Phylogenetic separation into evolutionary relationships (clades), based on comparison of genomes is likely to supplant phenotypical (phenetic) taxonomies of the prokaryotes.
Peripatry (paripatry) is a subset of allopatry in which an isolated group has a smaller population than the parent group. Ernst Mayr introduced the term. Peripatric speciation occurs when the smaller sub-group of a species enters a novel niche within the range of the parent species, becoming geographically and reproductively isolated. Peripatric speciation (paripatric) is distinguished from allopatric speciation by the smaller size of the isolate group, and from sympatric speciation, which involves no barrier to breeding.
Polyphyletic taxon: opposite to monophyletic taxon: A polyphyletic group is mistakenly or improperly erected on the basis of homoplasy.—characteristics that have arisen despite not sharing a common ancestor.
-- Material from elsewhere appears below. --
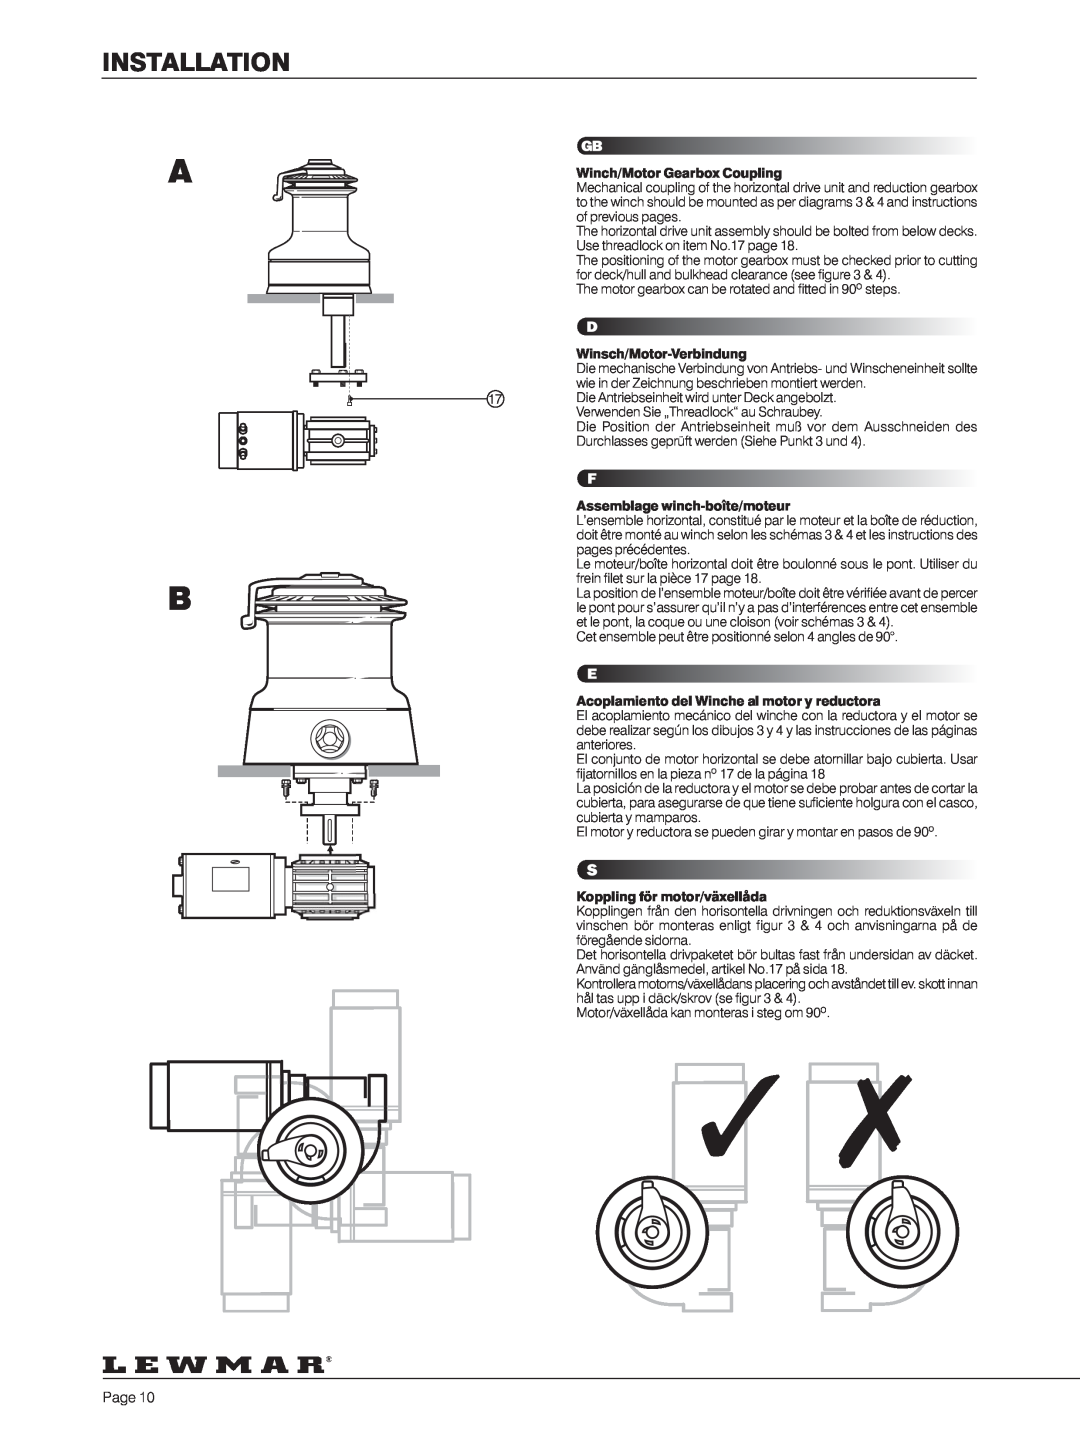 Lewmar 40-111 manual Installation, Winch/Motor Gearbox Coupling, Winsch/Motor-Verbindung, Assemblage winch-boîte/moteur 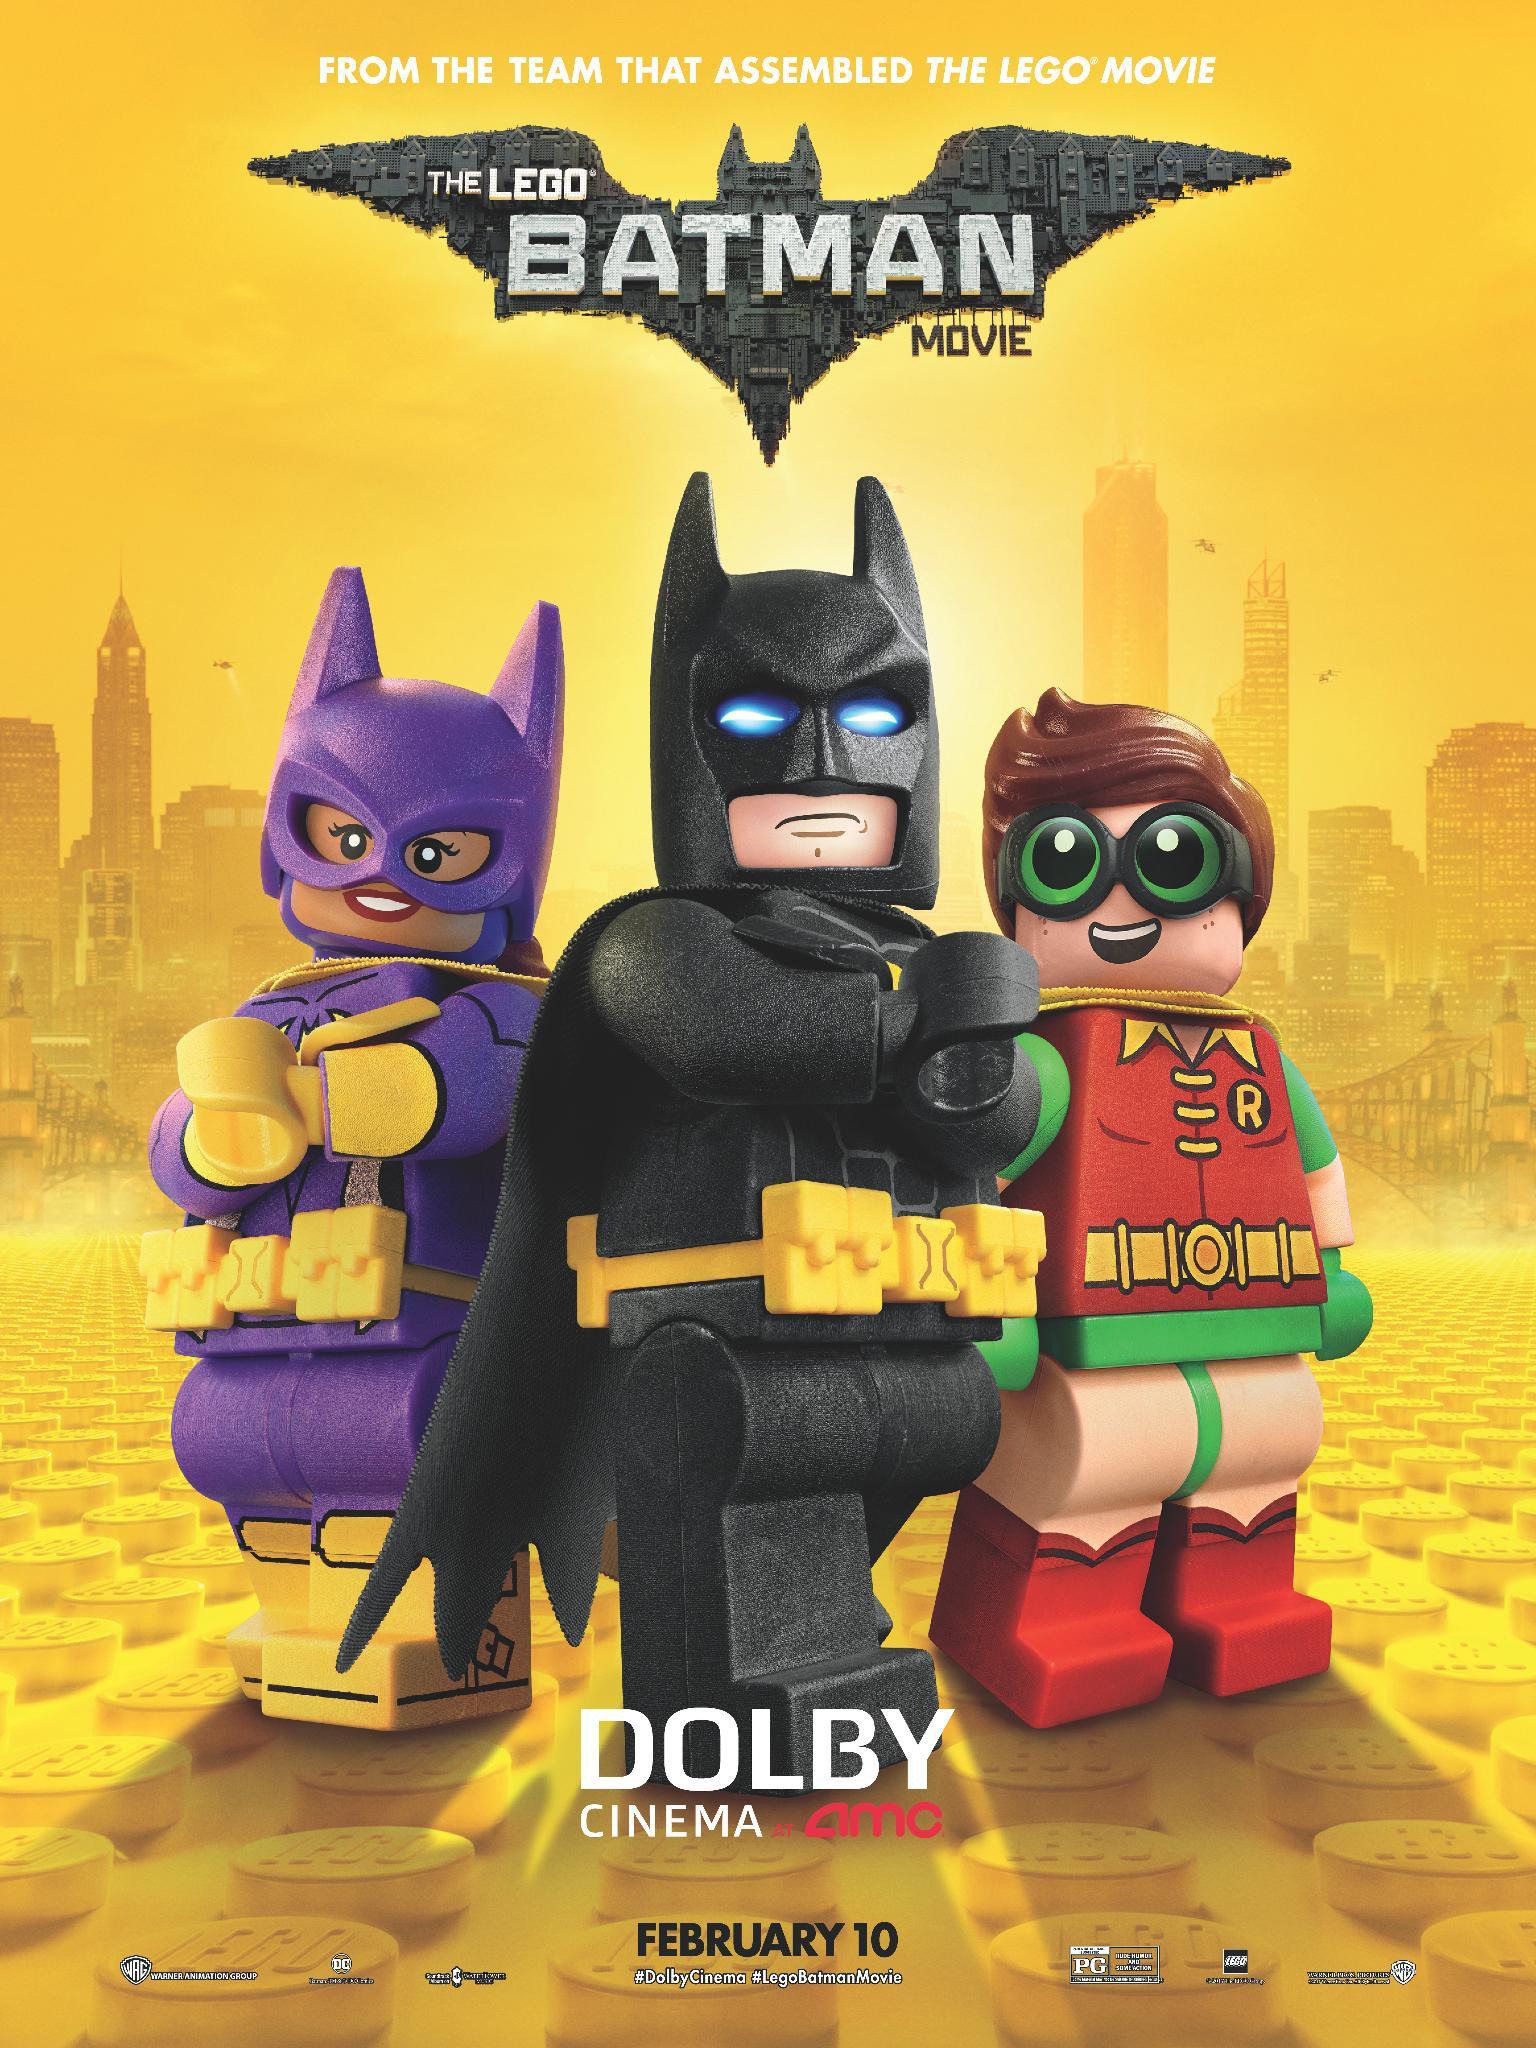 The Lego Batman Movie Movie Poster (#26 of 27) - IMP Awards

Homoplasy arises because of convergent evolution, parallelism, evolutionary reversals, horizontal gene transfer, or gene duplications. Polyphyletic taxa are genetically heterogeneous because members do not share a common ancestor.
Neontology is a branch of biology that emphasizes the study of modern biota (living or recent organisms) rather than fossilized organisms (paleontology).
Numerical Taxonomies are a common approach to phenetic taxonomy that employ a number of phenotypic characteristics to generate similarity coefficients that may be mapped in dendrograms. Groupings based on numerical taxonomy may or may not correlate with evolutionary relationships.
Taxonomies aim to group organisms according to shared characteristics against the background of biological diversity.
Sympatry involves no geographical separation of sub-populations of individuals. Sympatric speciation events occur most often in plants by the mechanism of polyploidy in which the number of chromosomes is doubled or tripled. John Maynard Smith proposed a model called disruptive speciation, in which homozygotes might have greater fitness than heterozygotes under some environmental conditions.